__Work item__:
Line by line, repeat the material below exactly and skip the images.

__Given information__:
○ ○ ○ ○
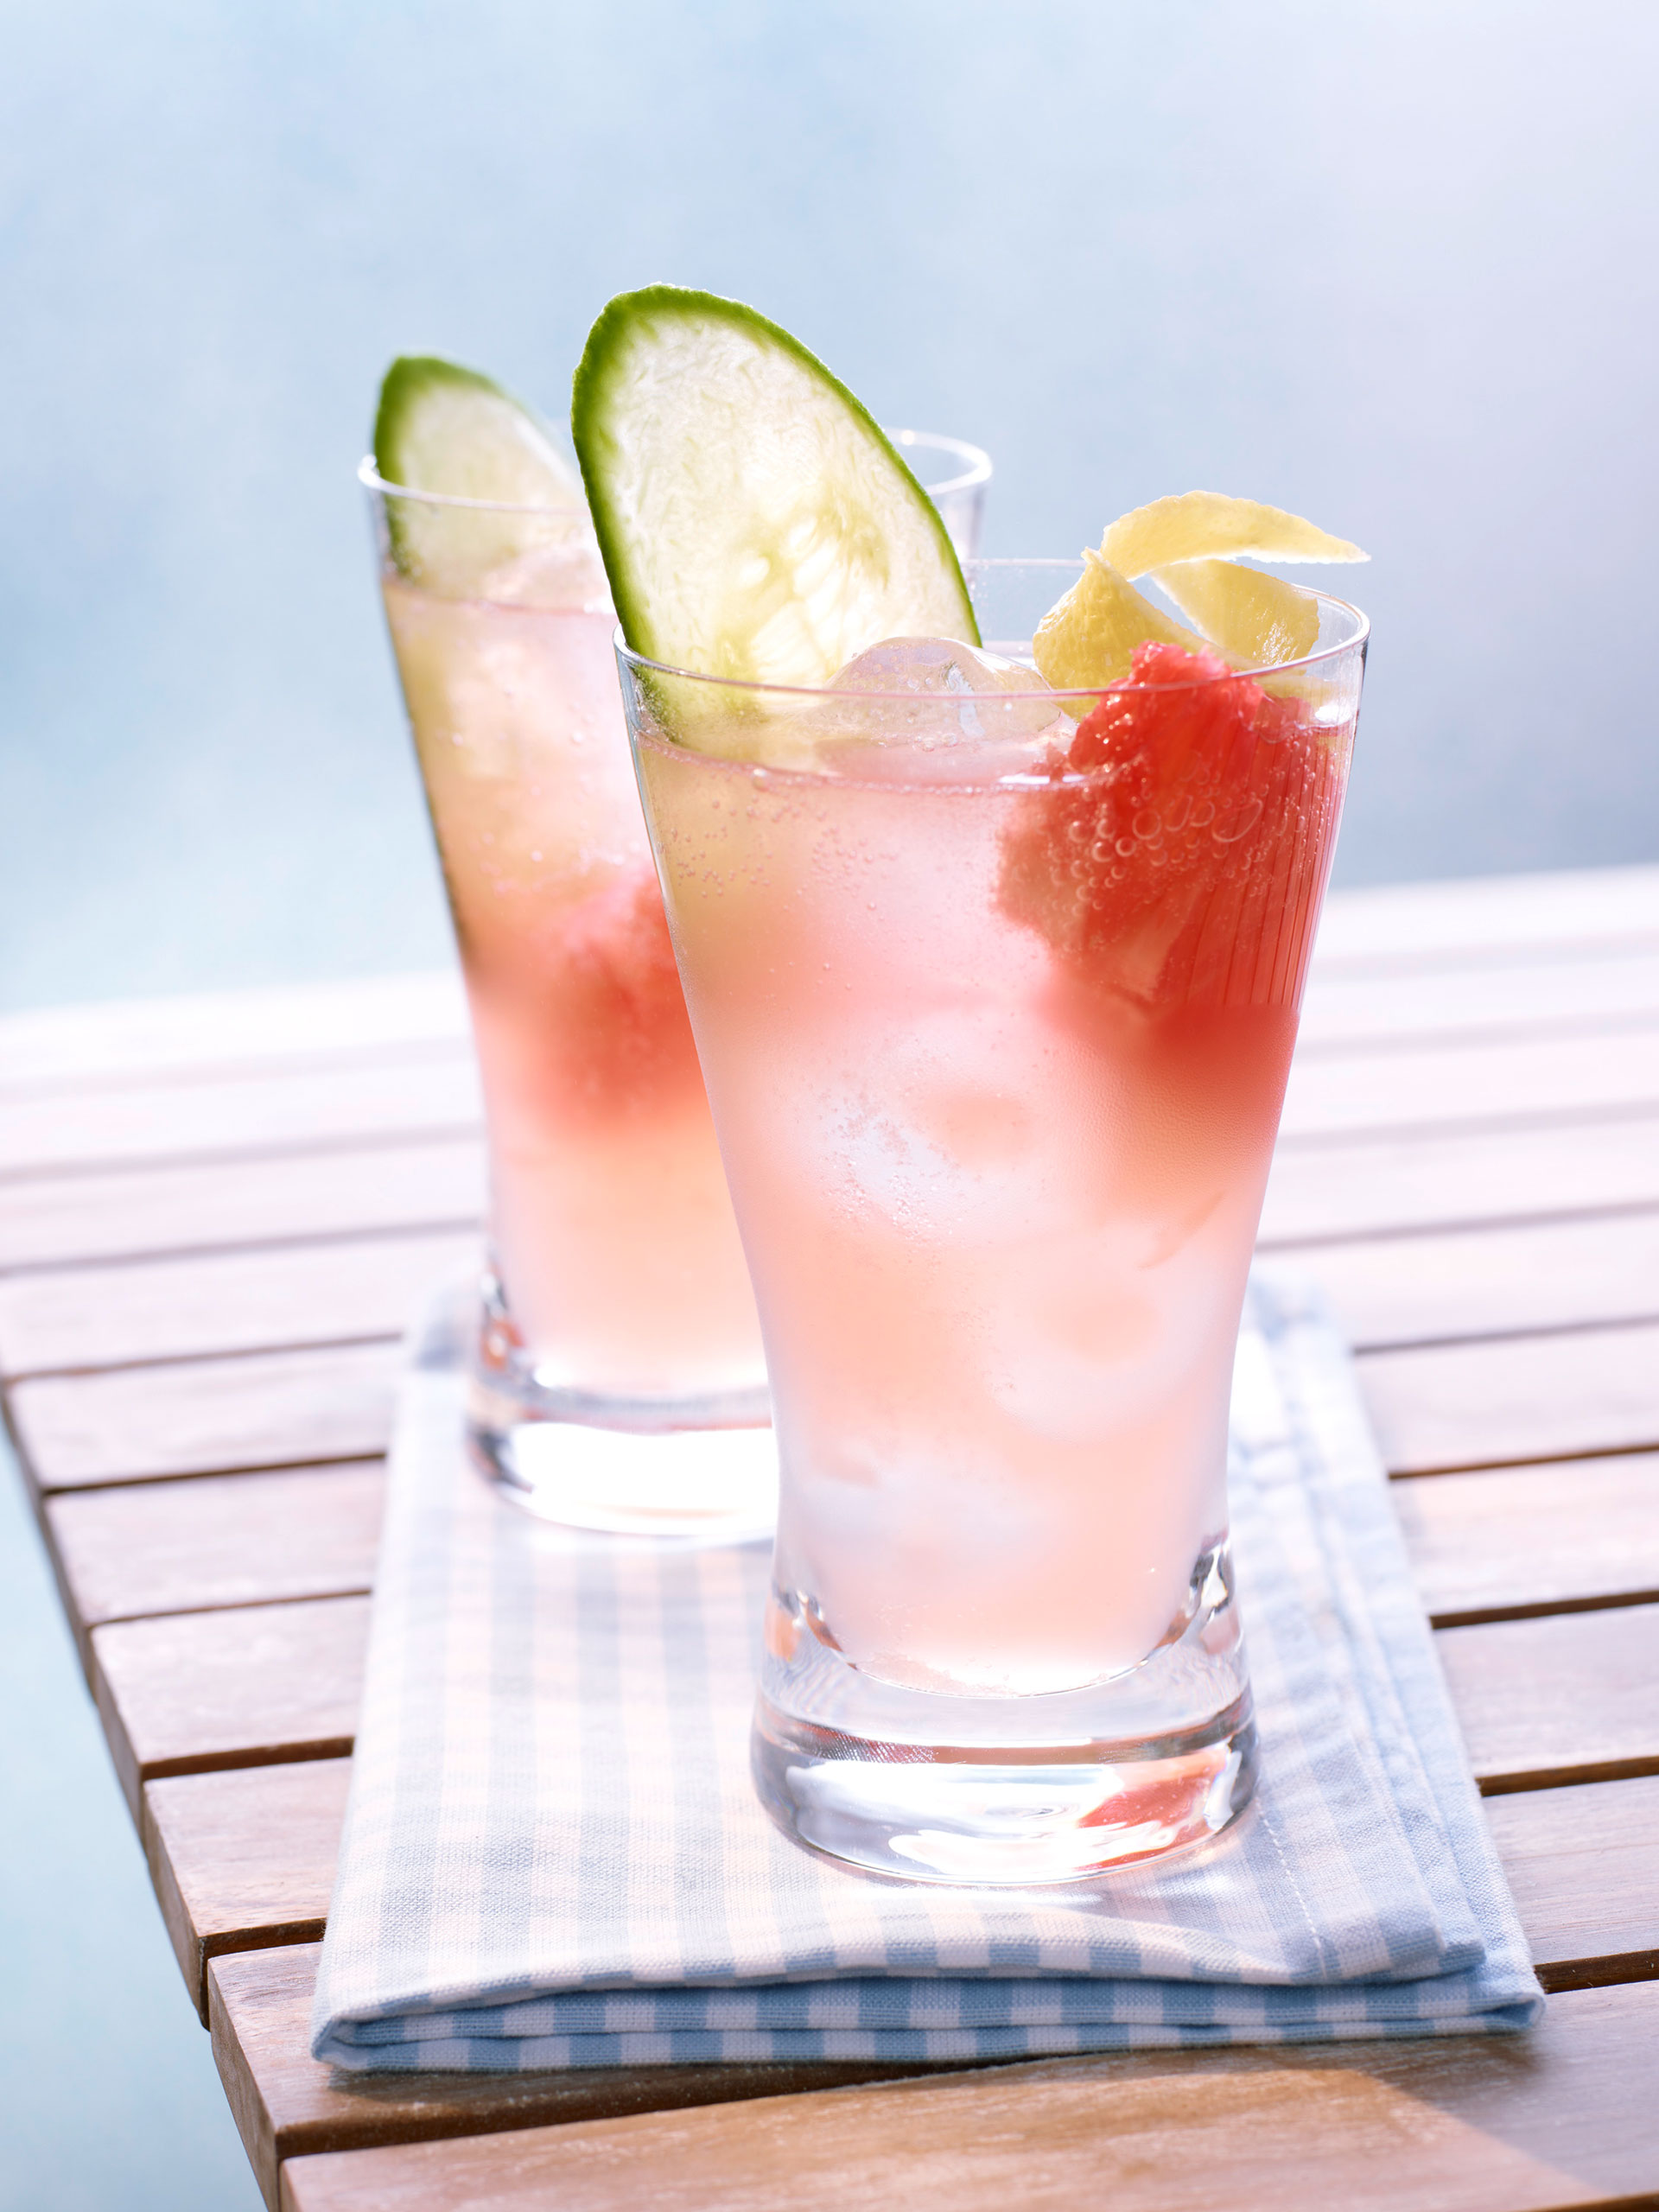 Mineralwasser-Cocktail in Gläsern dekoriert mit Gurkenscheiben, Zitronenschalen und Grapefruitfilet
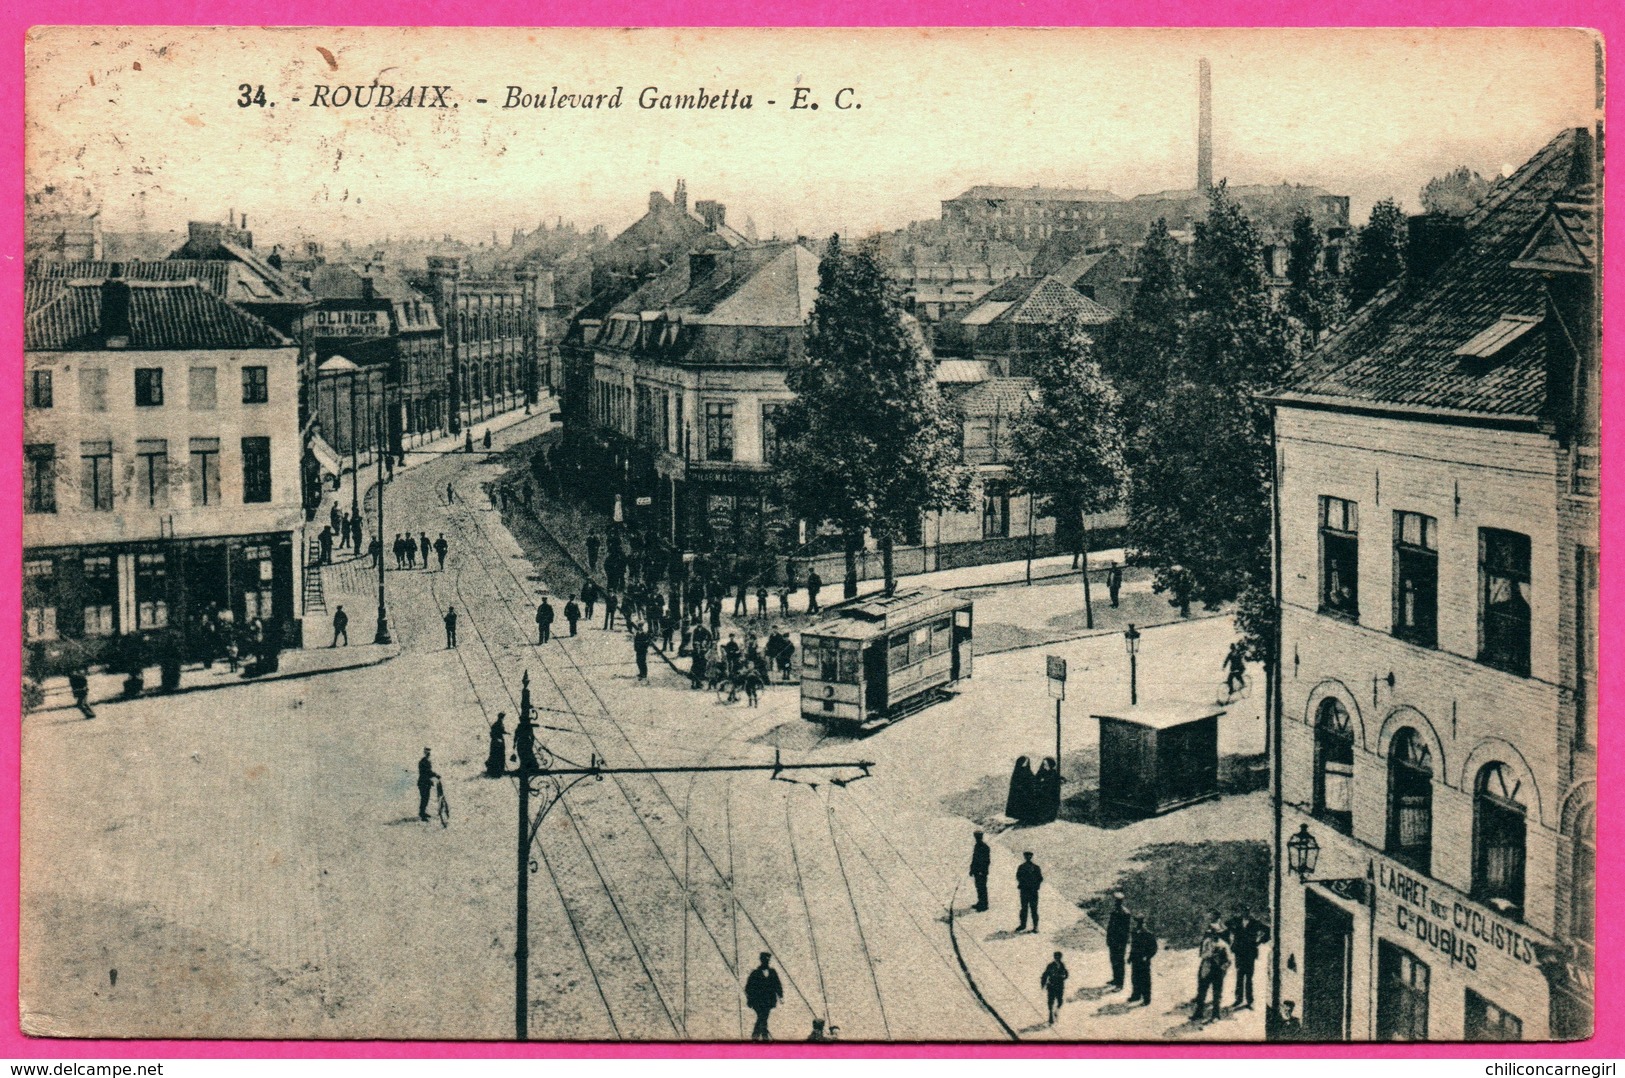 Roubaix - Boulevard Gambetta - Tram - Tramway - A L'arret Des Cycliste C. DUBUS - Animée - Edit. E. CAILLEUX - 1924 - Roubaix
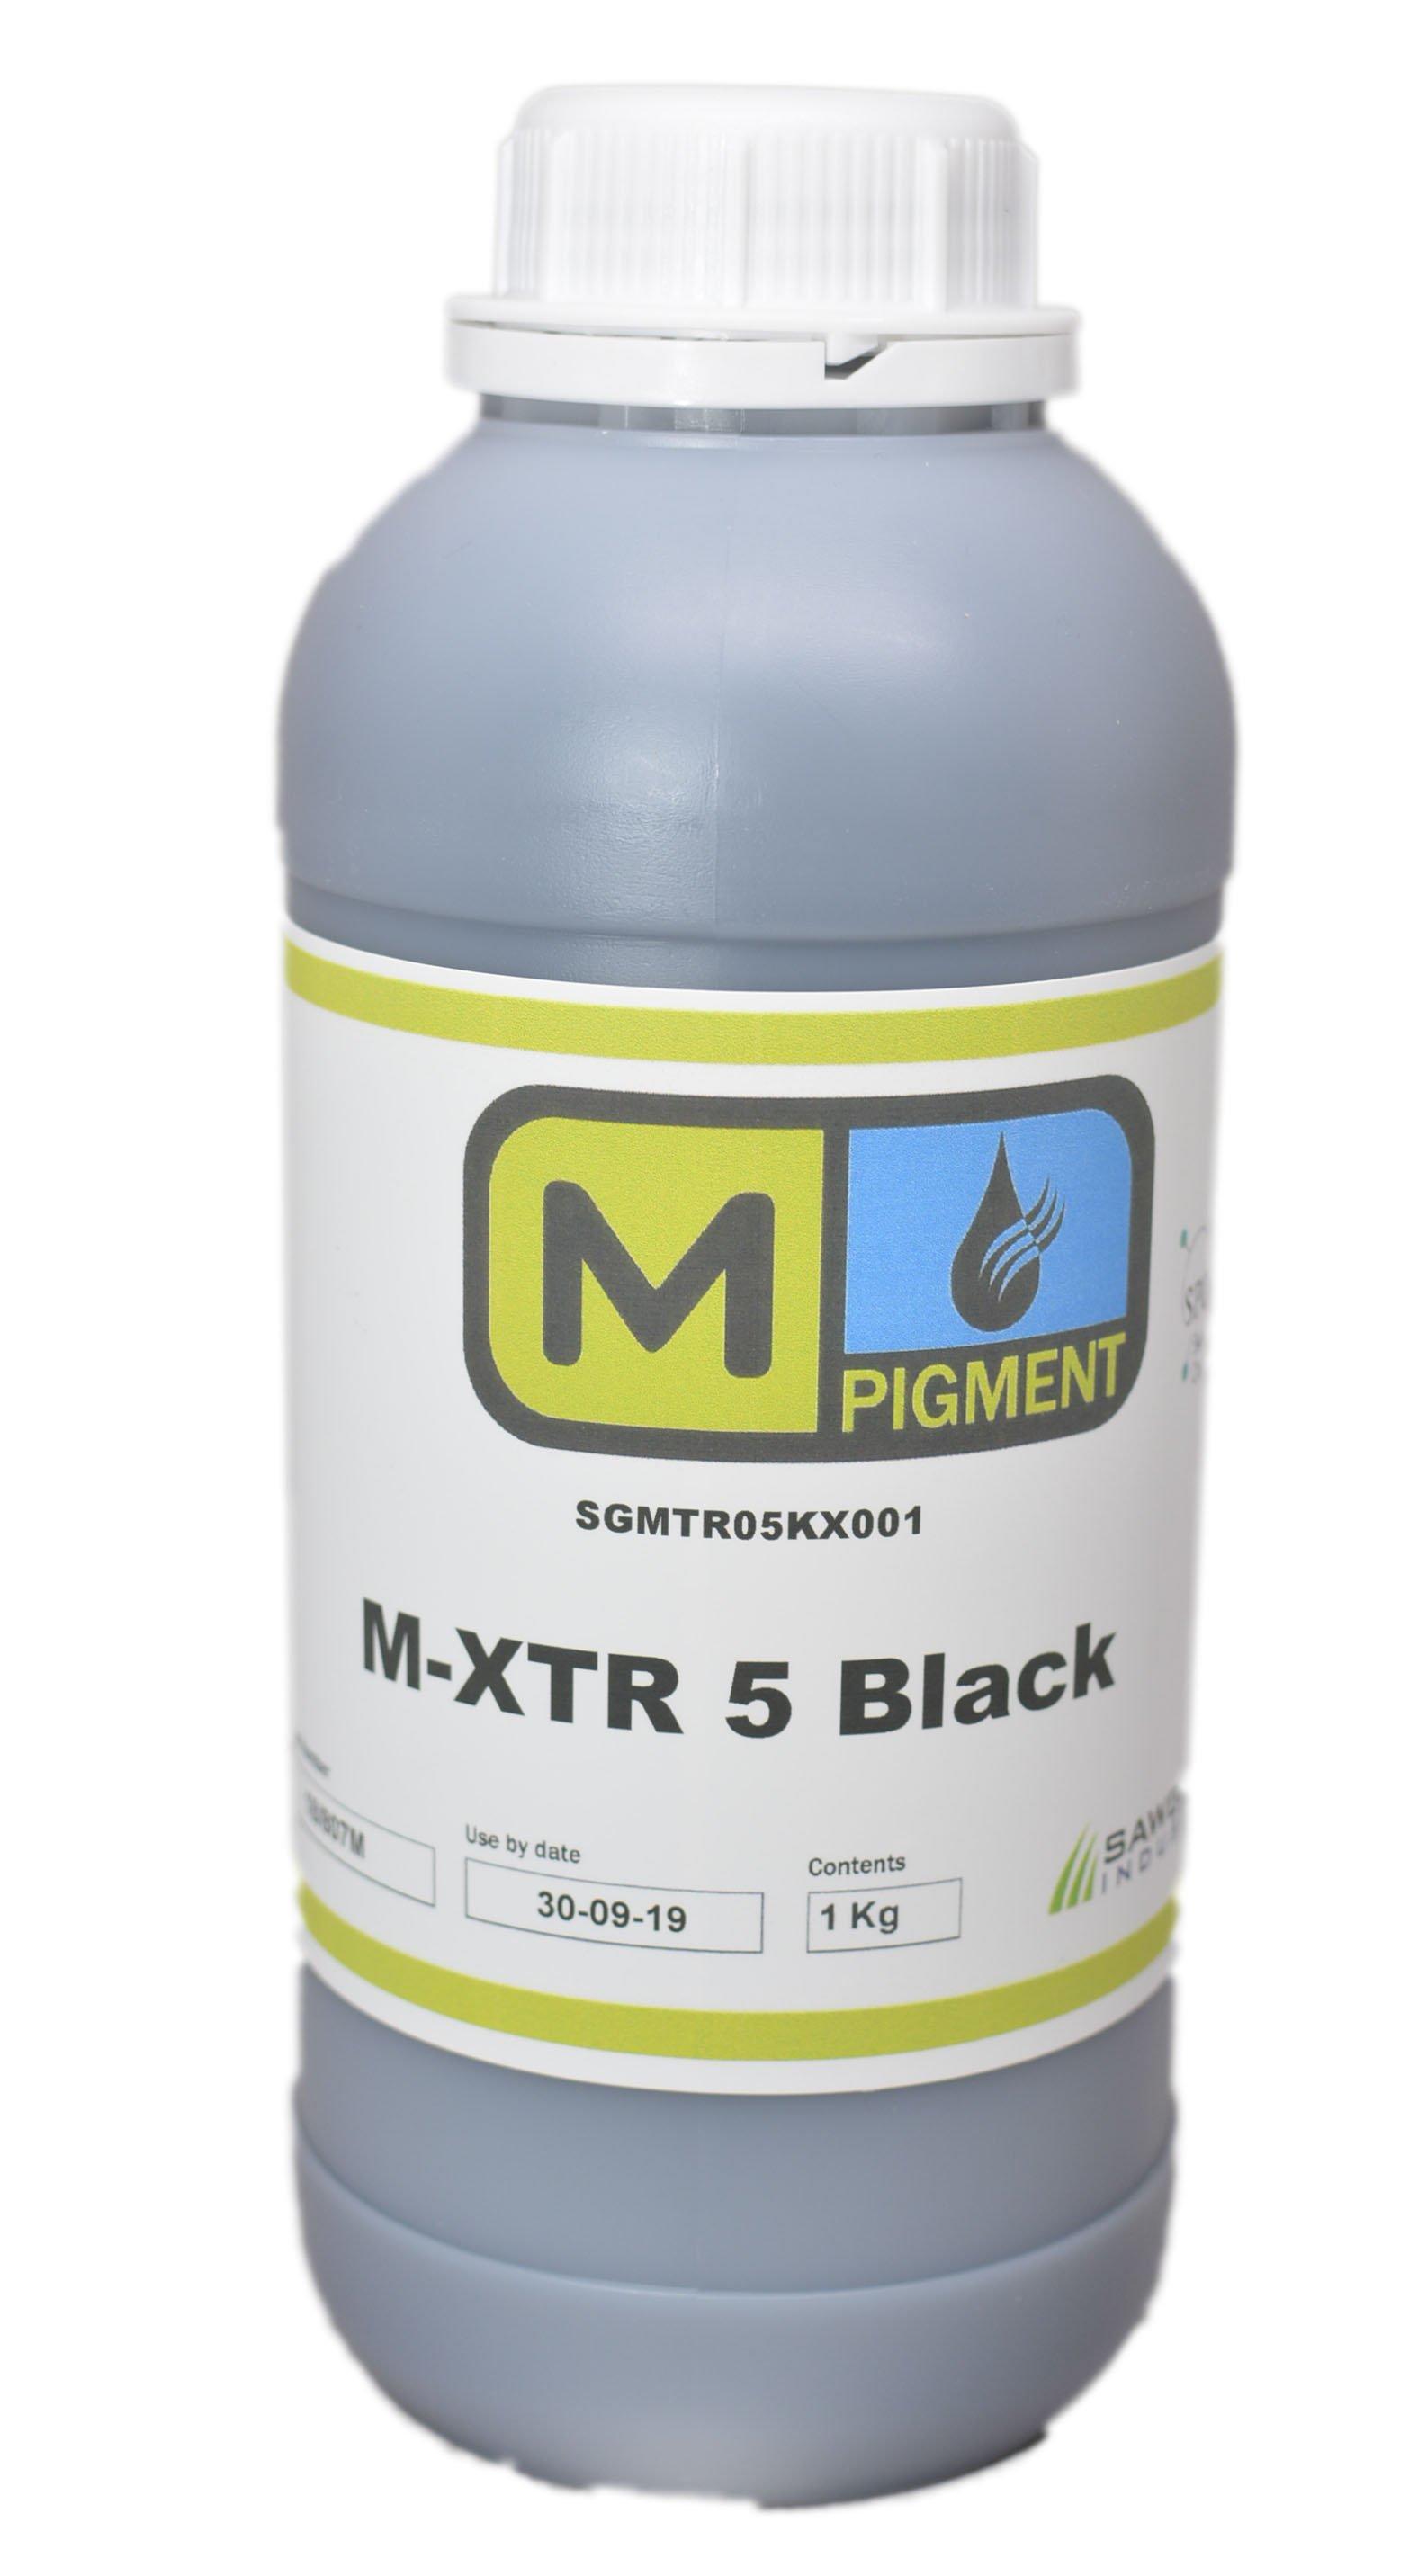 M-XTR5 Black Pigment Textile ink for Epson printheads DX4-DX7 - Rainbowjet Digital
○ ○ ○ ○
__Task solution__:
 Mineralwasser-Cocktail in Gläsern dekoriert mit Gurkenscheiben, Zitronenschalen und Grapefruitfilet
 Roubaix - Boulevard Gambetta - Tram - Tramway - A L'arret Des Cycliste C. DUBUS - Animée - Edit. E. CAILLEUX - 1924 - Roubaix
 M-XTR5 Black Pigment Textile ink for Epson printheads DX4-DX7 - Rainbowjet Digital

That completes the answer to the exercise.